**WHAT TO PRODUCE**
Here the job is to transcribe the data verbatim while leaving each picture out.

**GIVEN MATERIAL**
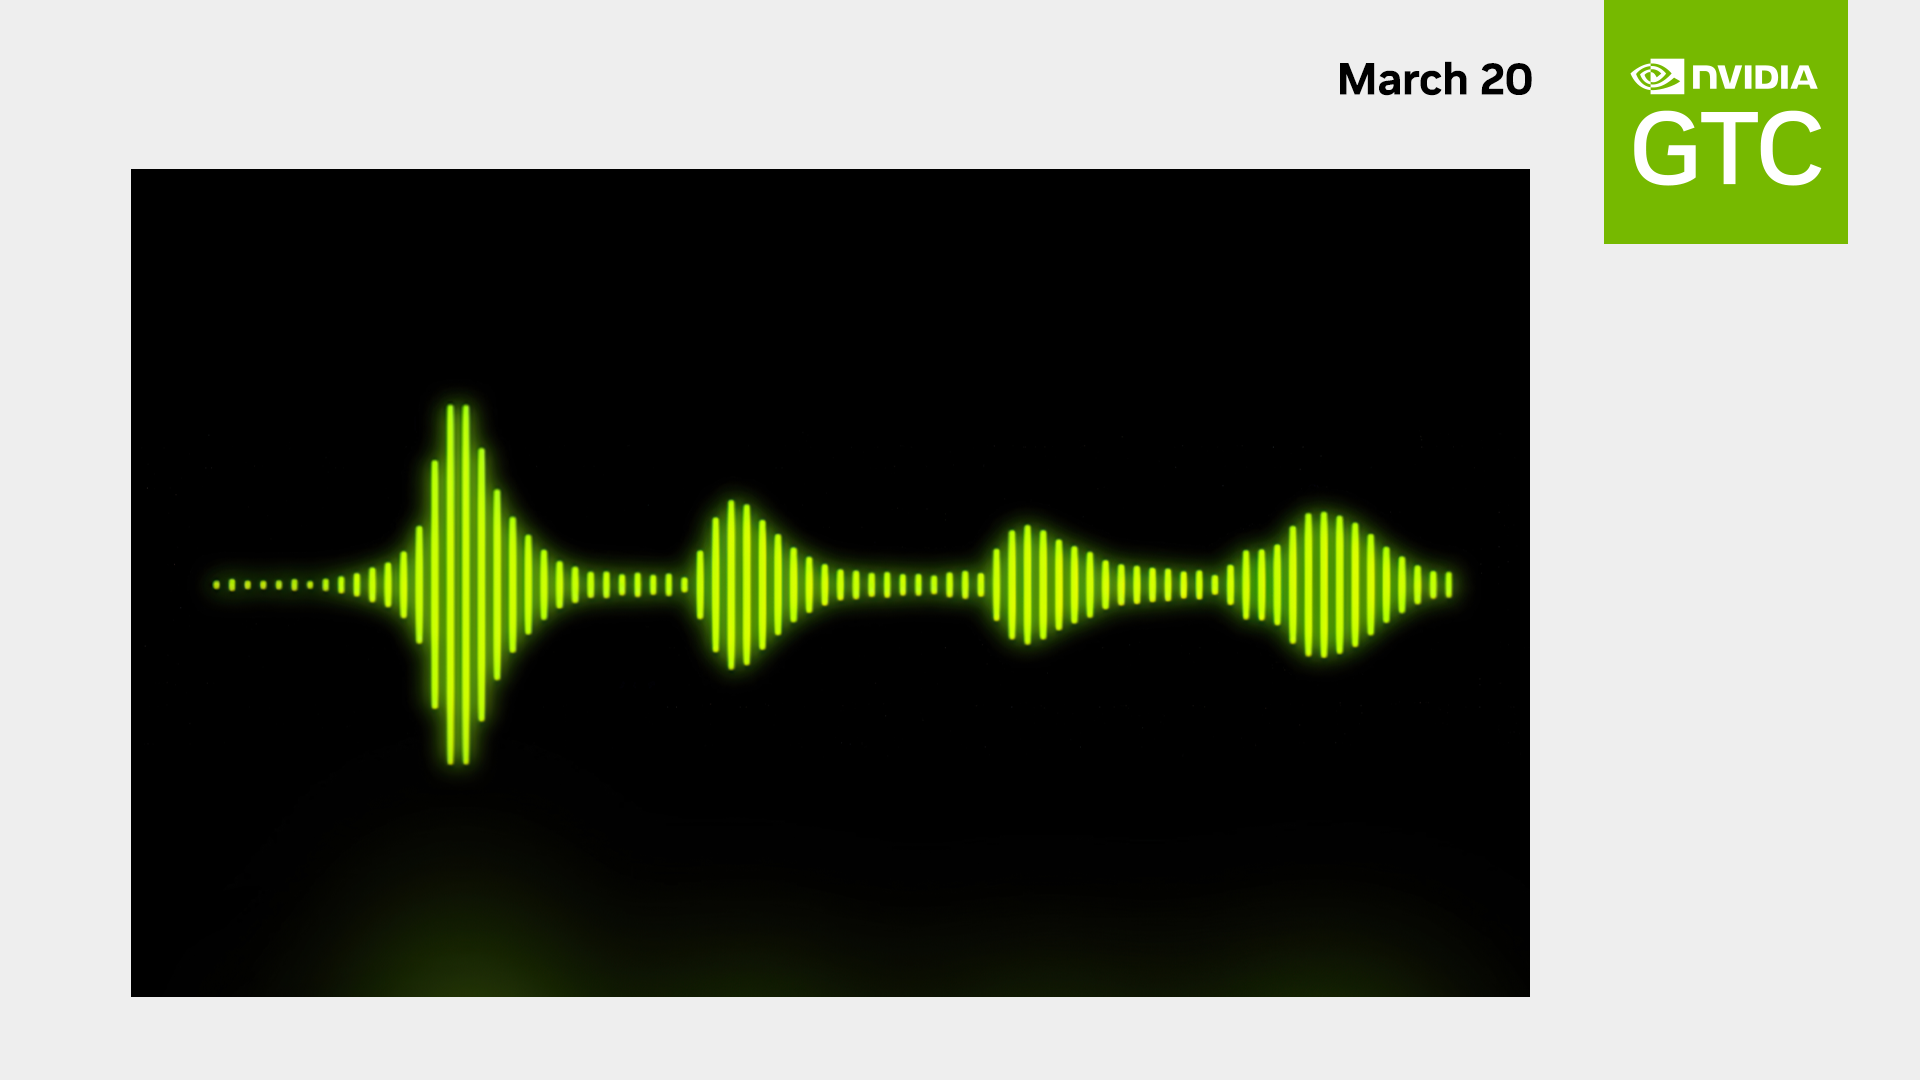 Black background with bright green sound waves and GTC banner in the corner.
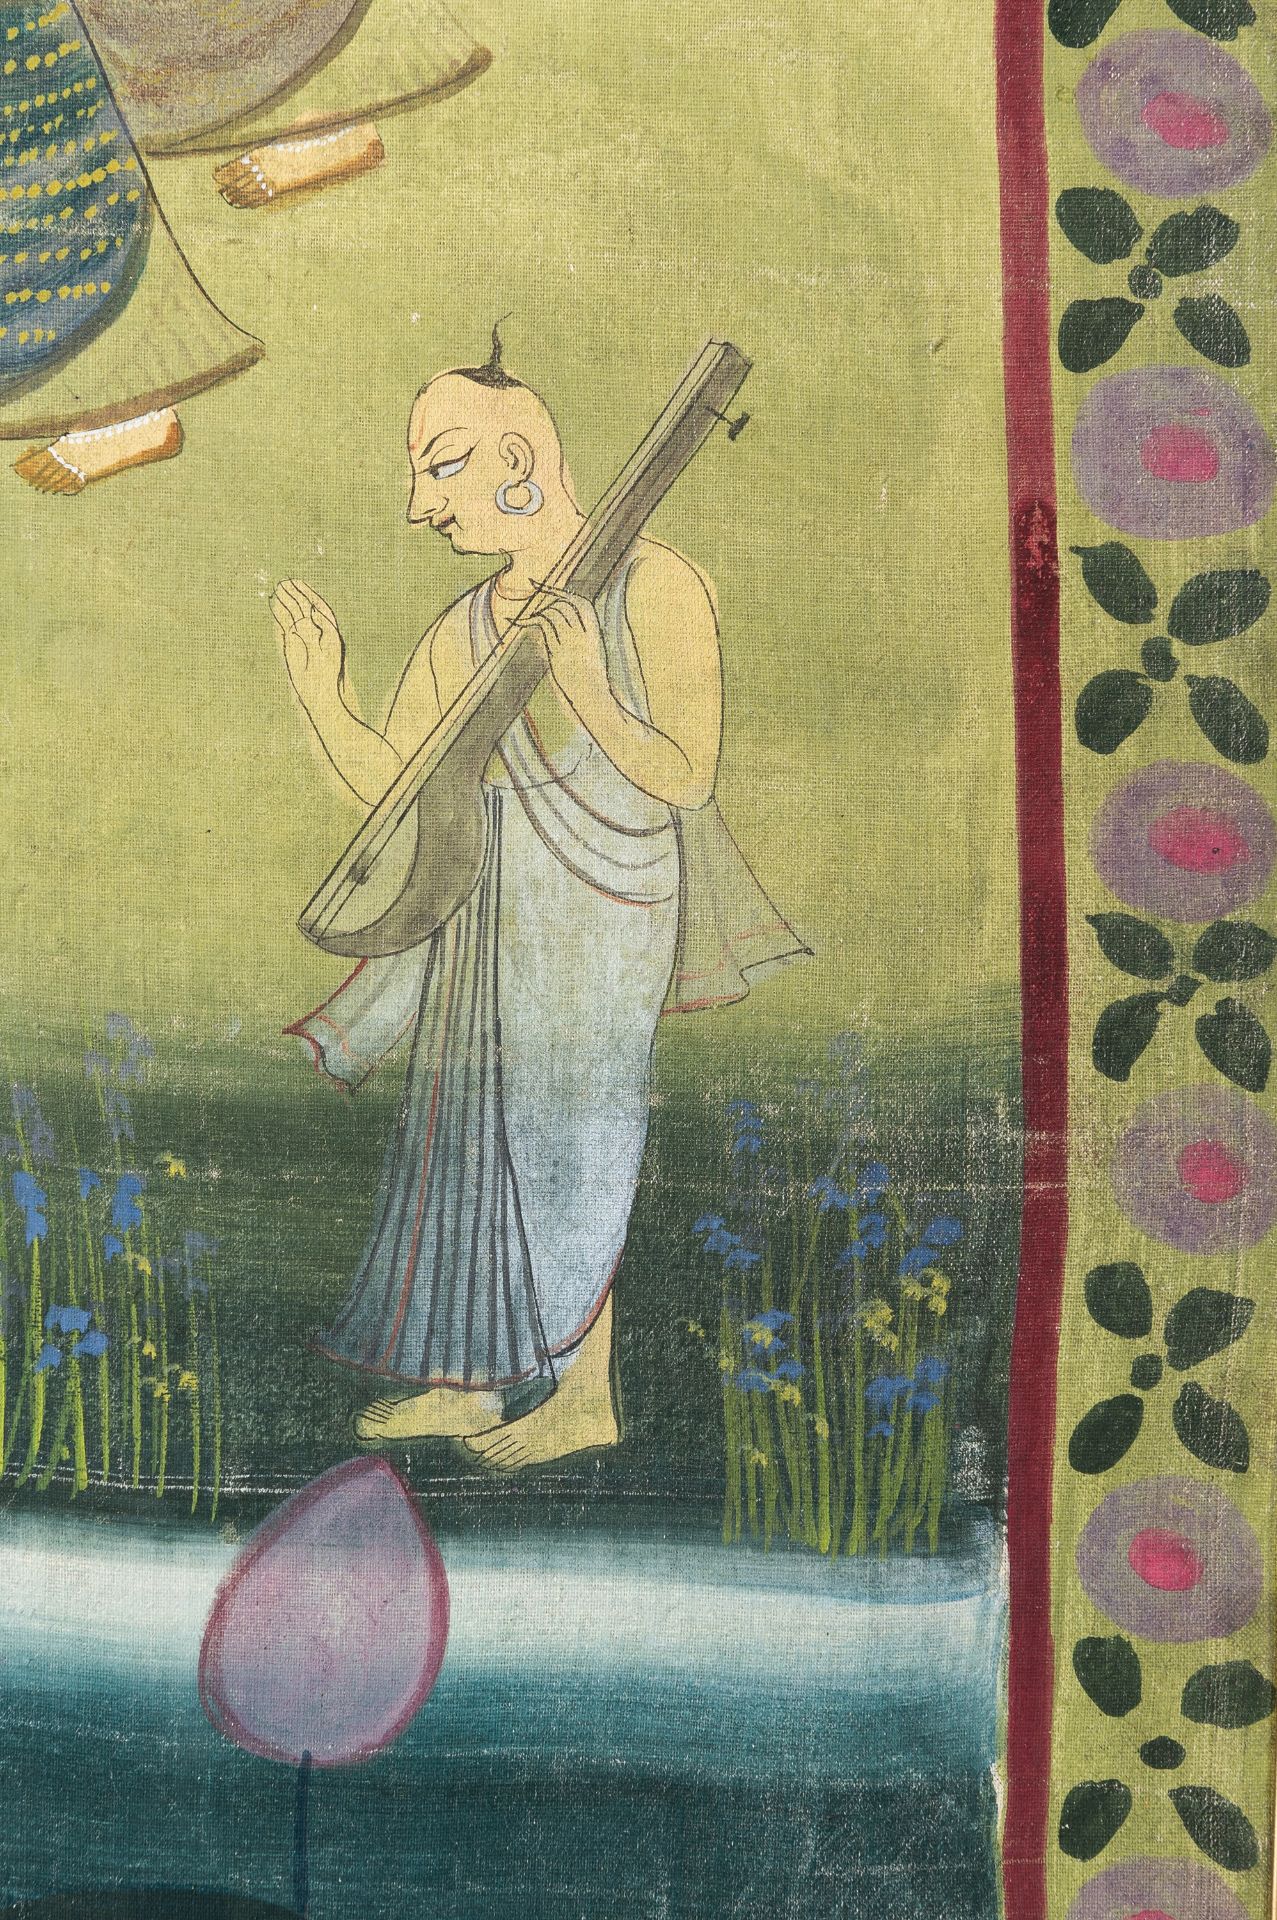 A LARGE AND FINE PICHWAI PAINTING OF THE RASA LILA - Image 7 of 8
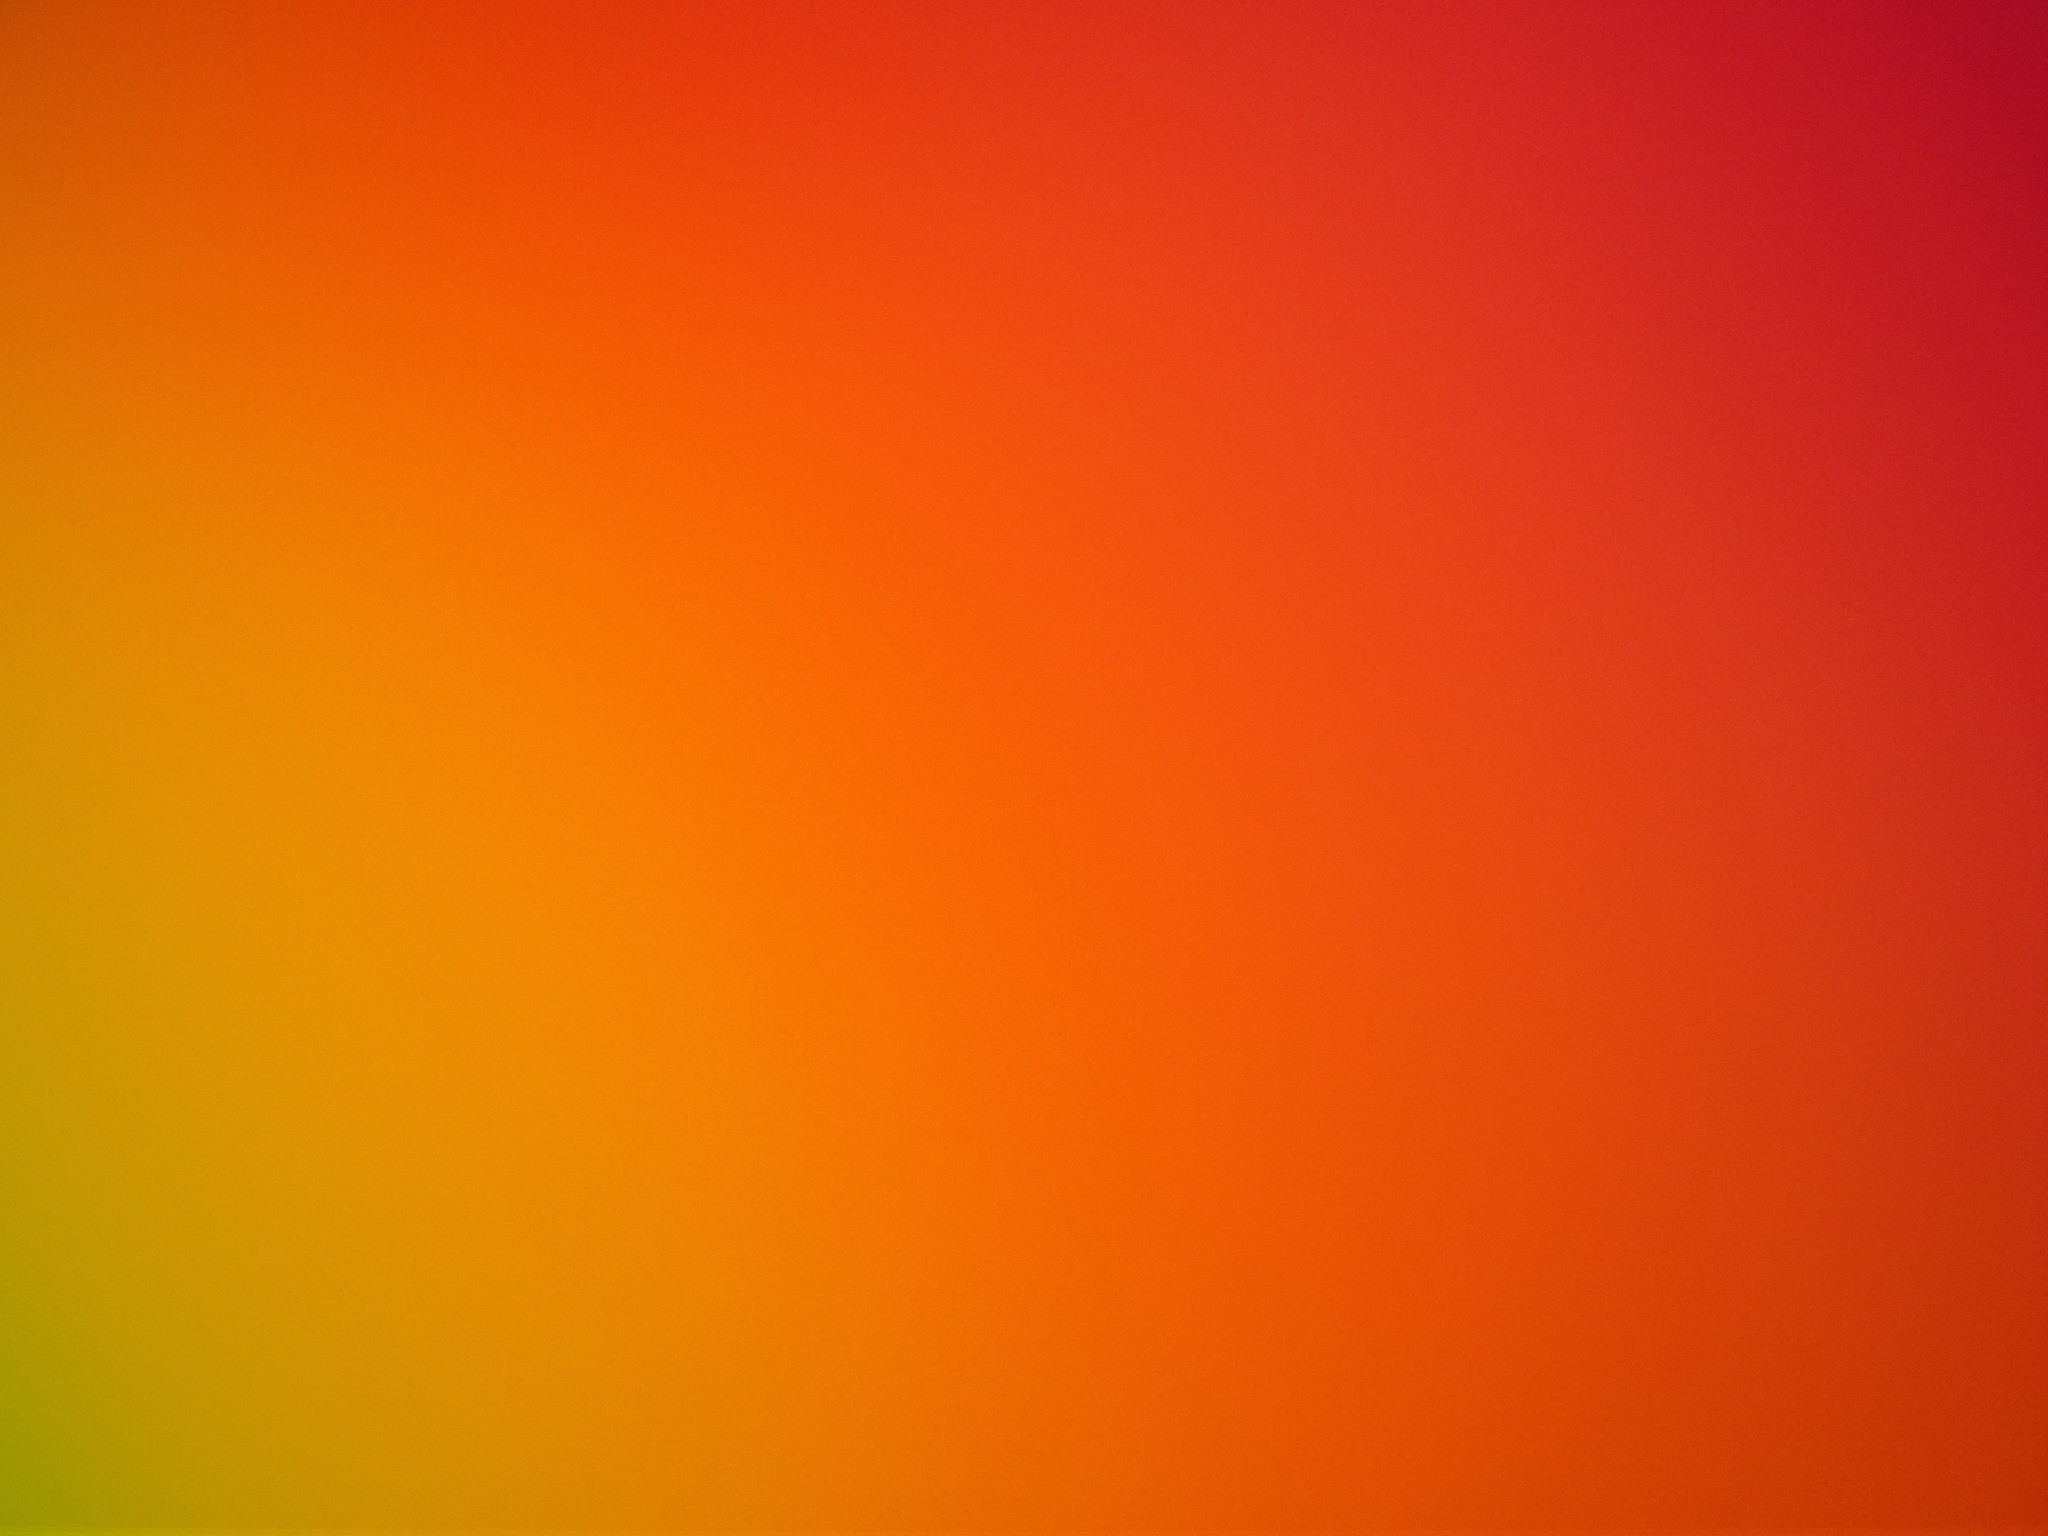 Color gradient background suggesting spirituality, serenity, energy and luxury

**PROBLEM SOLUTION**
 Black background with bright green sound waves and GTC banner in the corner.
 A LARGE AND FINE PICHWAI PAINTING OF THE RASA LILA - Image 7 of 8
 Color gradient background suggesting spirituality, serenity, energy and luxury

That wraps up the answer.